Behandelter Abschnitt Ps 31,1-24
Ps 31 zeigt uns, wie Jesus fromme und heilige Ausdrücke eines Psalmes gebrauchen und tatsächlich im Geiste durch alles hindurchgehen konnte, ohne dass der Psalm eine buchstäbliche Anwendung auf Ihn hatte. Wir finden hier die von Ihm ausgesprochenen Worte: „In deine Hand befehle ich meinen Geist“, was im vollsten Sinne wahr war. Aber dann fährt der Psalm fort: „Du hast mich erlöst, Jehova, du Gott der Wahrheit“, während Jesus das Wort „Vater“ hinzufügte. Obwohl ich nicht daran zweifle, dass Seine Seele in dem Augenblick, als Er jene Worte aussprach, sich wieder der Gunst Gottes erfreute, können doch die Worte: „Du hast mich erlöst“, nicht auf Ihn angewandt werden23. So enthält dieser ganze Psalm, von David abgesehen, das Flehen und den Ausdruck des Vertrauens des Überrestes, indem er die beiden Grundsätze, Vertrauen und Gerechtigkeit, miteinander verbindet; der Überrest bittet um Leitung um des Namens Jehovas willen und erwartet die Rettung, während er von Feinden umringt ist. Der Gerechte hatte Jehova angerufen, um Seinen Namen handelte es sich. Auf Seine Güte, die aufbewahrt ist denen, die Ihn fürchten, rechnet er, und zwar während eines Lebens, welches vor Kummer und Seufzen dahinschwindet. Bedrängnis lastet auf ihm und verschlingt seine Kraft. Er wird geprüft wegen seiner Treue, und doch fliehen Freunde und Bekannte vor ihm. Das wird der Zustand des Überrestes sein, und wie völlig Christus darin eingetreten ist, brauche ich wohl nicht zu sagen.
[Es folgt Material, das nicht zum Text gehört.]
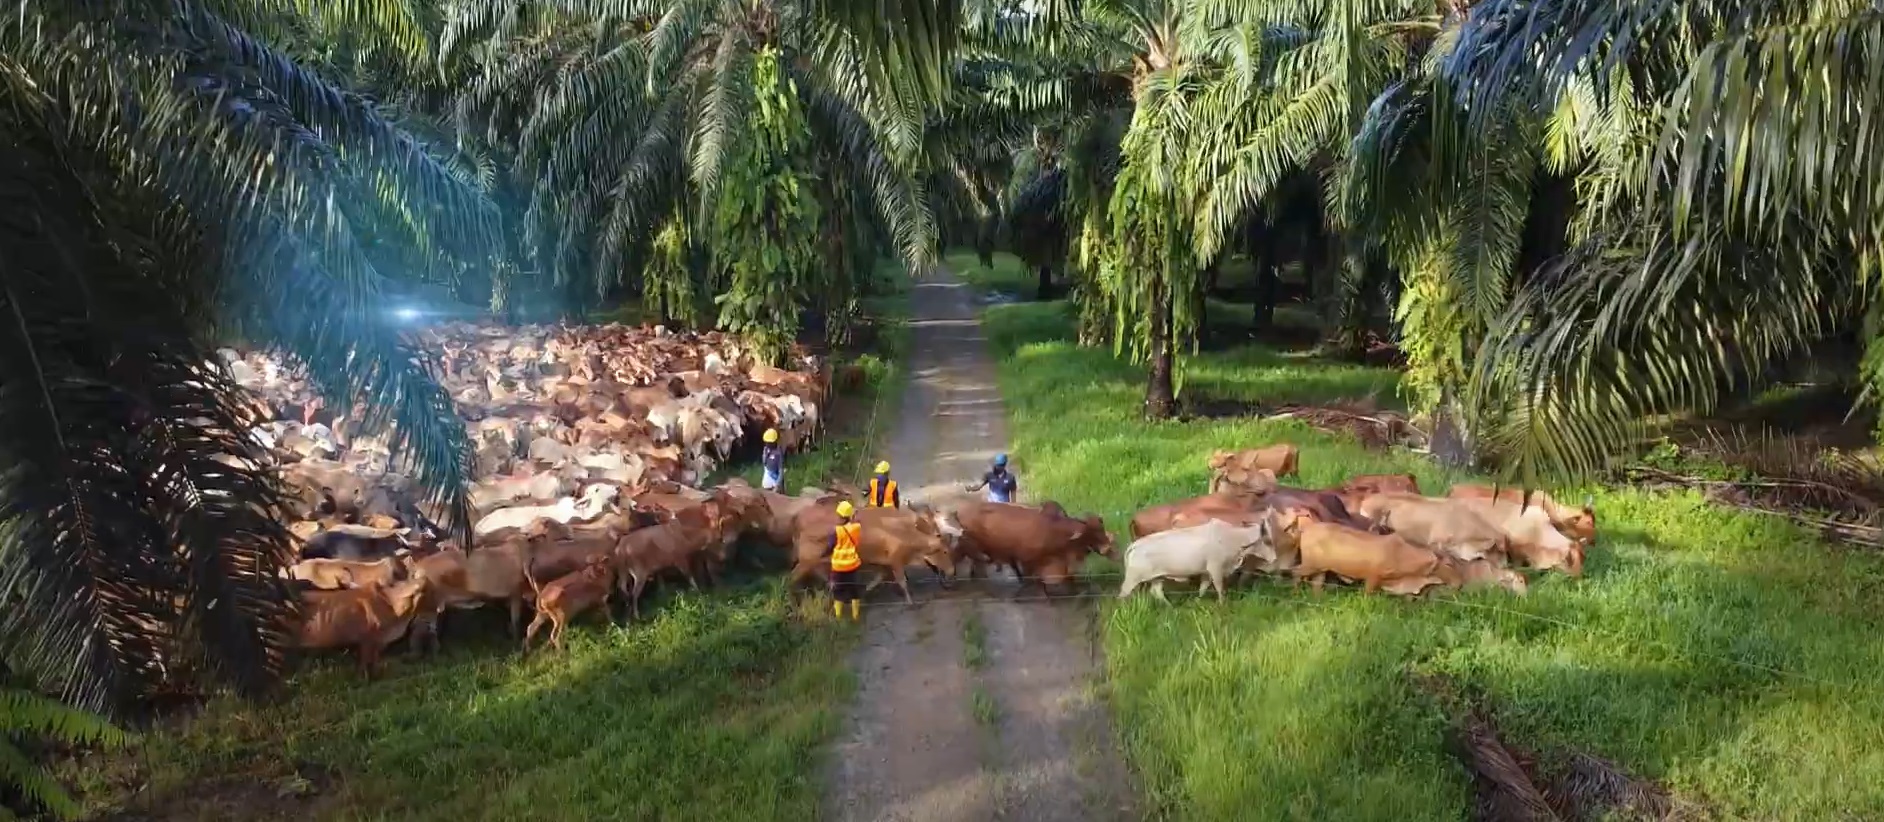 Sawit Kinabalu s’attend à ce que le projet d’élevage bovin renforce le niveau d’autosuffisance bovine de Sabah

Doch die Zeit der Erlösung, und zwar aus allem, was der Heilige zu irgendeiner Zeit erdulden und durchmachen muss, ist in Gottes Hand, nicht in der des Feindes, wie sehr dieser auch wüten mag. Und inmitten der Bedrängnis kennt Jehova seine Seele, denn er wandelt in dem Bewusstsein der Bundes-Beziehungen: Jehova ist sein Fels und seine Burg. In seiner Bestürzung hielt der Gerechte sich für abgeschnitten; aber als er schrie, hörte Jehova. Bei all dem Toben der Feinde um ihn her schrie er zu Jehova als zu seinem Gott (V. 14 u. 15); und nun rühmt er in den beiden letzten Versen das Endergebnis und ermutigt die Treuen und alle, die auf Jehova harren. In welchen Schwierigkeiten sie auch sein mögen, Jehova hilft den Treuen und richtet die Hochmütigen.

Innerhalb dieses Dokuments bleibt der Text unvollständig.